Abstract
People have known that autophagy plays a very important role in many physiological and pathological events. But autophagy role on embryonic angiogenesis still remains obscure. In this study, we demonstrated that Atg7, Atg8 and Beclin1 were expressed in the plexus vessels of angiogenesis at chick yolk sac membrane and chorioallantoic membrane. Interfering with autophagy with autophagy inducer or inhibitor could restrict the angiogenesis in vivo, which might be driven by the disorder of angiogenesis-related gene expressions, and also lead to embryonic hemorrhage, which was due to imperfection of endothelial cell-cell junctions including abnormal expressions of tight junction, adheren junction and desmosome genes.

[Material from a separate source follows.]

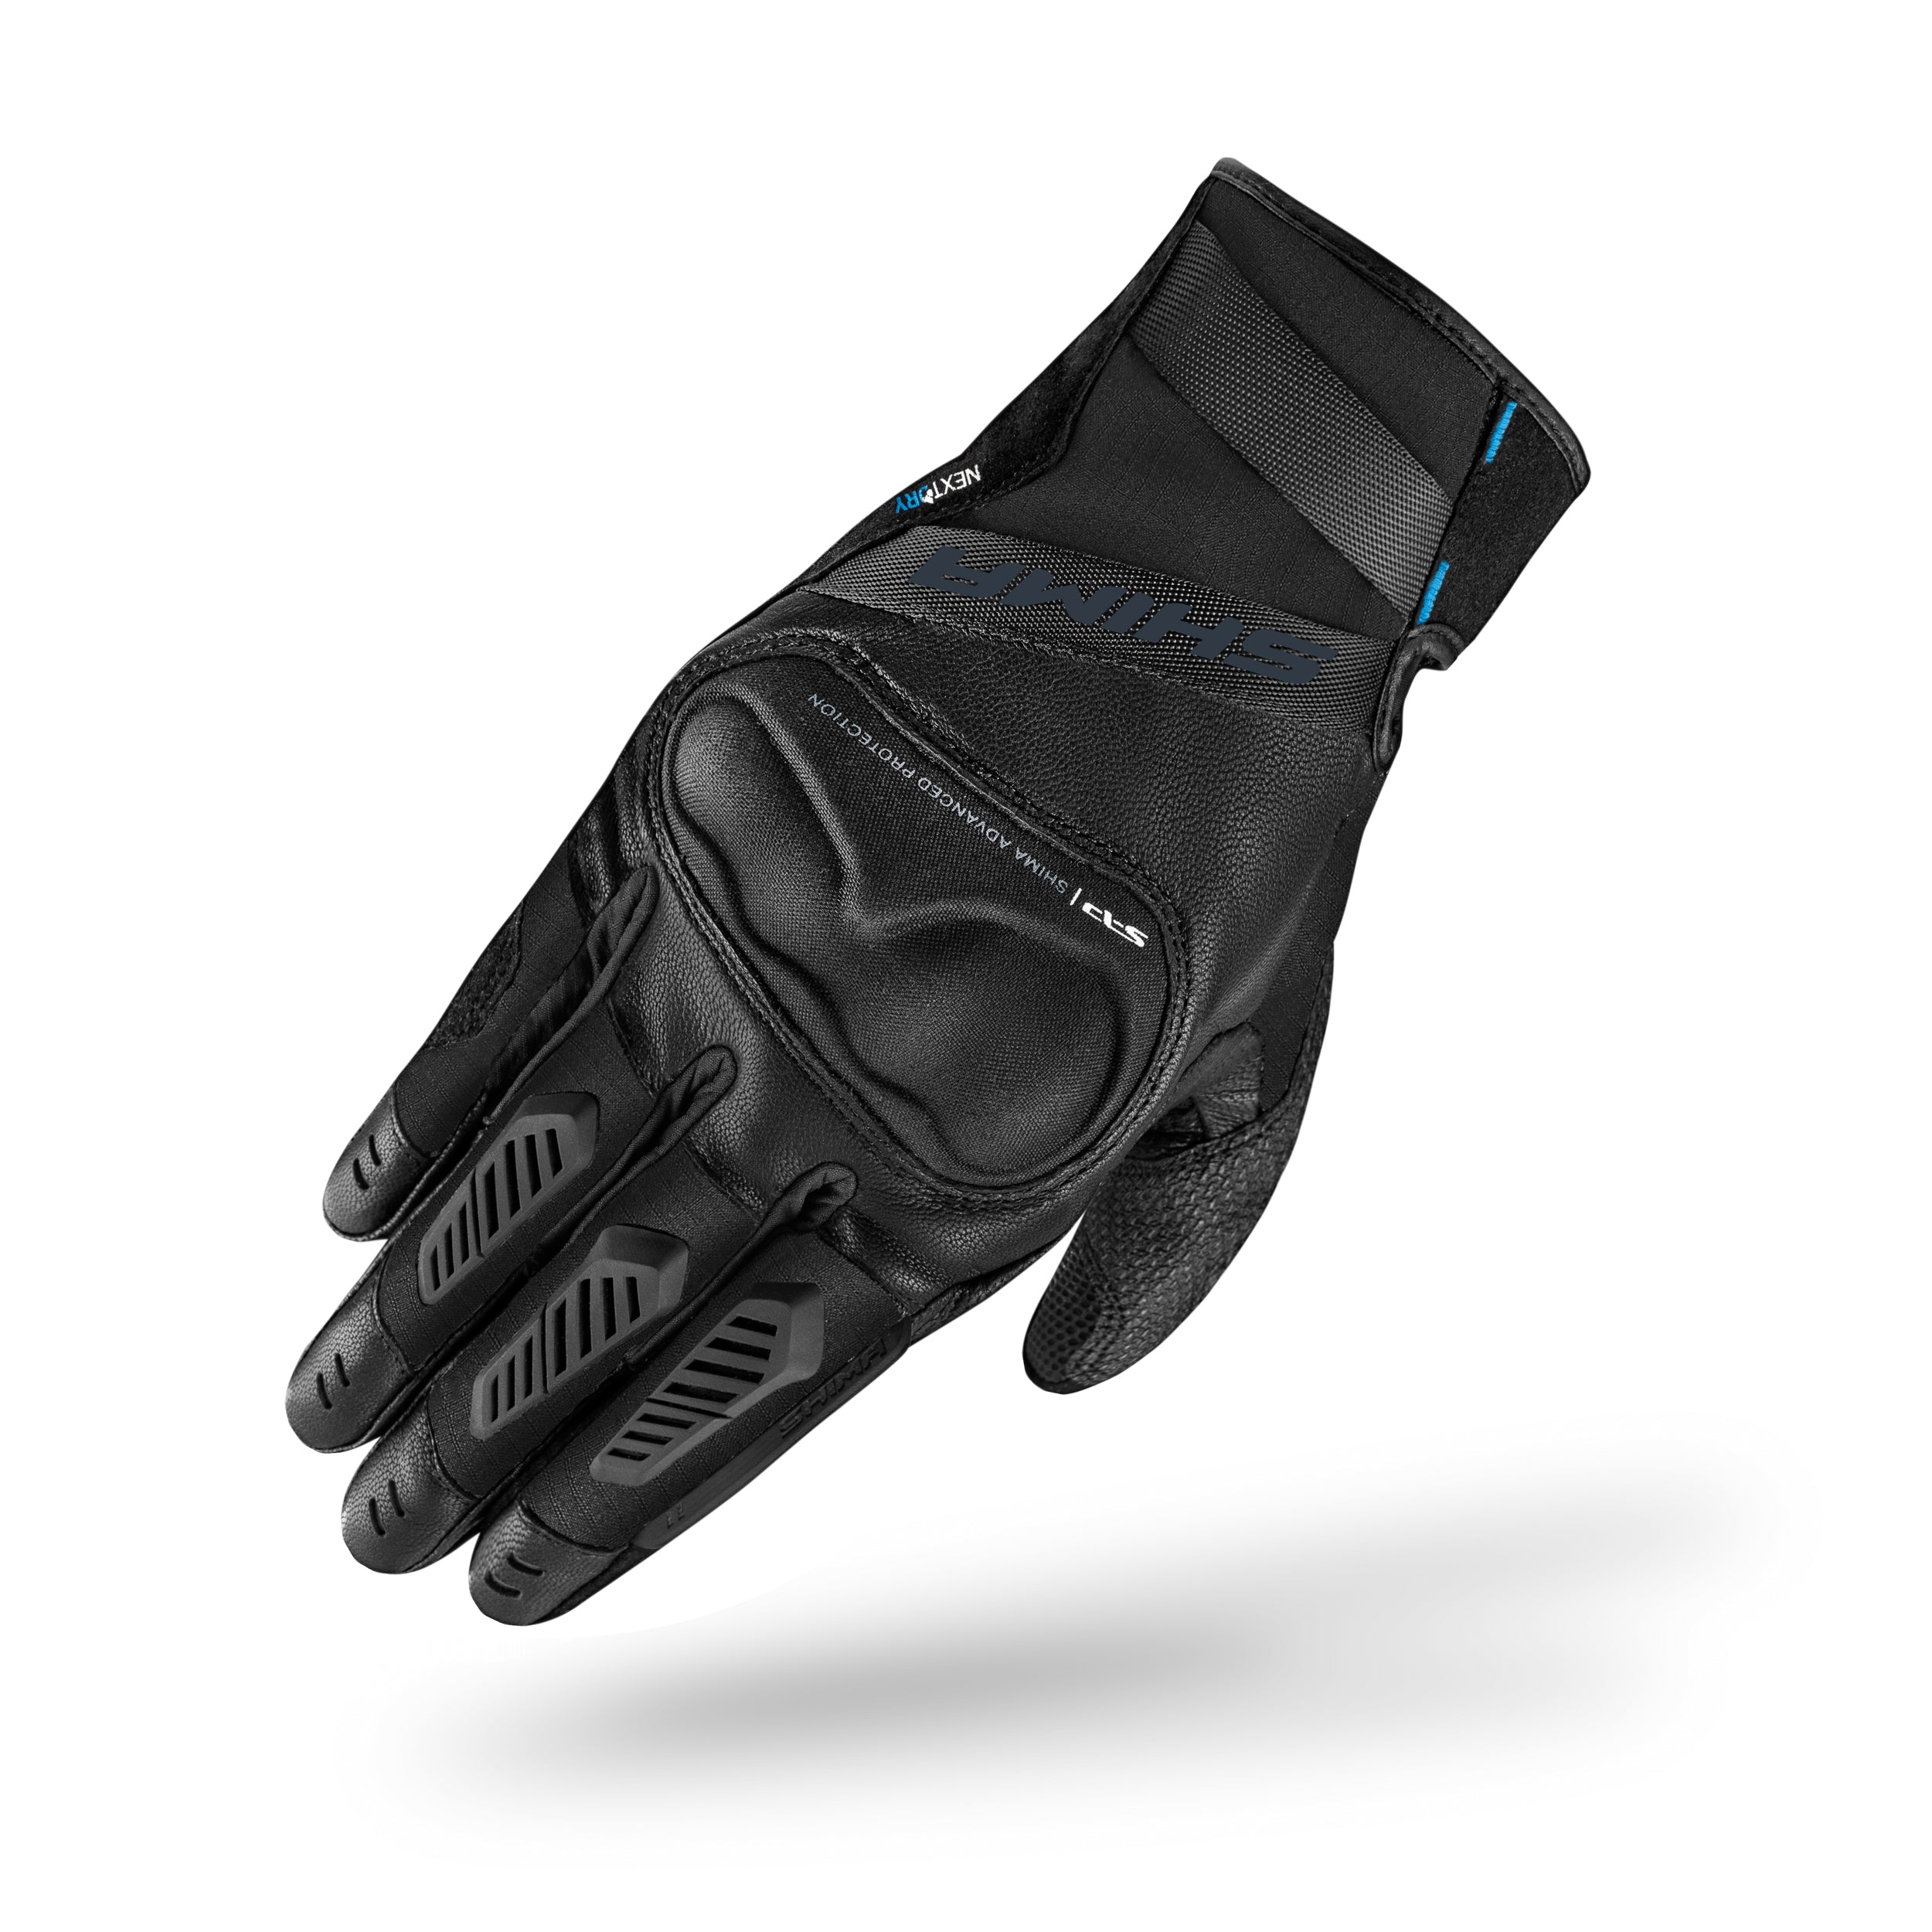 black short women's motorcycle gloves from Shima

Using HUVECs, we revealed that cell viability and migration ability changed with the alteration of cell autophagy exposed to RAPA or 3-MA. Interestingly, tube formation assay showed that HUVECs ability of tube formation altered with the change of Atg5, Atg7 and Atg8 manipulated by the transfection of their corresponding siRNA or plasmids. Moreover, the F-actin labeled cell polarity lost and β-catenin absence in RAPA-treated cell membrane implied intracellular cytoskeleton alteration was induced by autophagy level. Taken together, our current experimental data reveal that autophagy is really involved in regulating angiogenesis during embryo development.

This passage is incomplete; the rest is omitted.